A lot of questions are debated in this town. And often the right side of the issue is not so obvious. Well, in the next few weeks, Congress will be debating and voting on approval of CAFTA, a trade agreement with the Central American countries and the Dominican Republic. In this case -- at least from Agriculture's point-of-view, it is as Illinois Farm Bureau President, Phil Nelson, put it, "a no brainer."

According to Secretary of Agriculture, Mike Johanns, with an agreement "we are likely to double U.S. exports to those countries." I'm already sold, but there is more. Yes, our exports wou ld double from $1.6 billion to over $3 billion. Keep in mind, they already have 99% free access to our market as a result of the (CBI) Caribbean Basin Initiative. They already can sell to us. It's only fair that we should be able to sell to them. But, unless we get this agreement passed, corn will continue to experience duties as high as 35%, soybean as high as 20%, beef, pork, cotton -- all being hit by duties.

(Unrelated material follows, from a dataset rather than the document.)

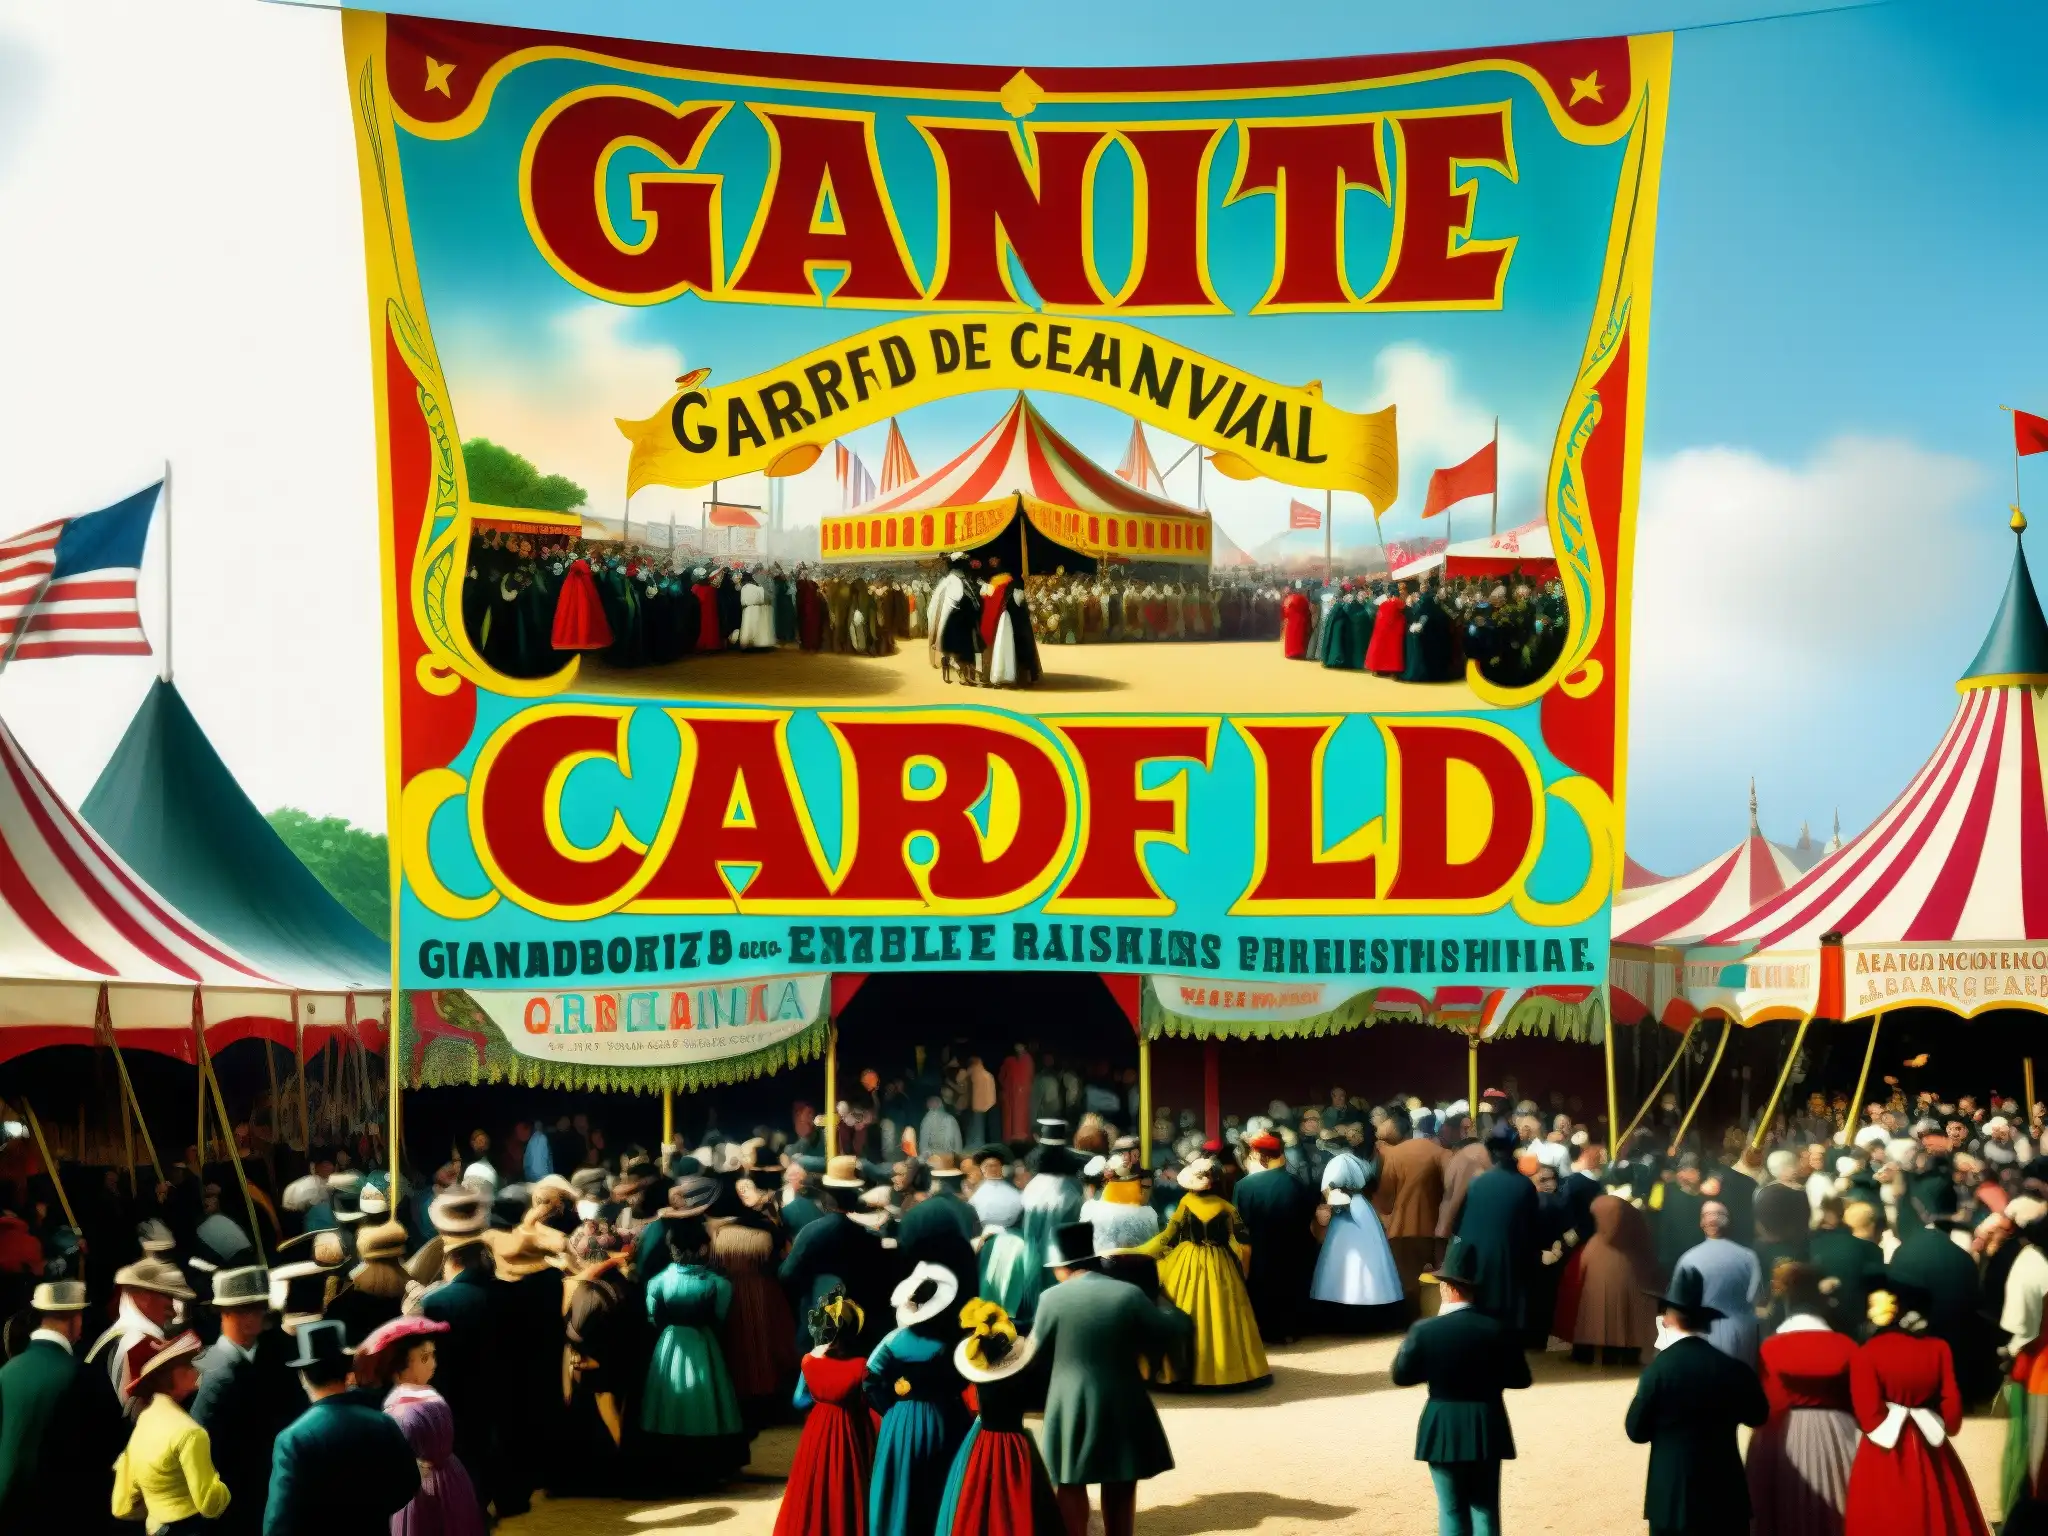 Una fotografía detallada de un bullicioso carnaval del siglo XIX en América con un anuncio del 'Gigante de Cardiff'

The overwhelming advantage of this agreement to American farmers and ranchers is obvious. You ask if it is so obvious, where is the opposition coming from? You won't be surprised to find the usual whining suspects. Labor unions are always fighting trade deals. Don't expect any help from the environmentalists either. Unfortunately, the agreement faces a challenge from some of our own -- the sugar growers. They should be realistic. The fact is the agreement allows only a tiny increase in sugar imports. I said tiny -- one teaspoon per week, per person. One teaspoon! That is less than 1.2% of total U.S. sugar production.

How much protection do they expect? As farmers and ranchers, we export almost 30% of our production. We don't have any choice but to open markets and negotiate trade deals. So let's get it done.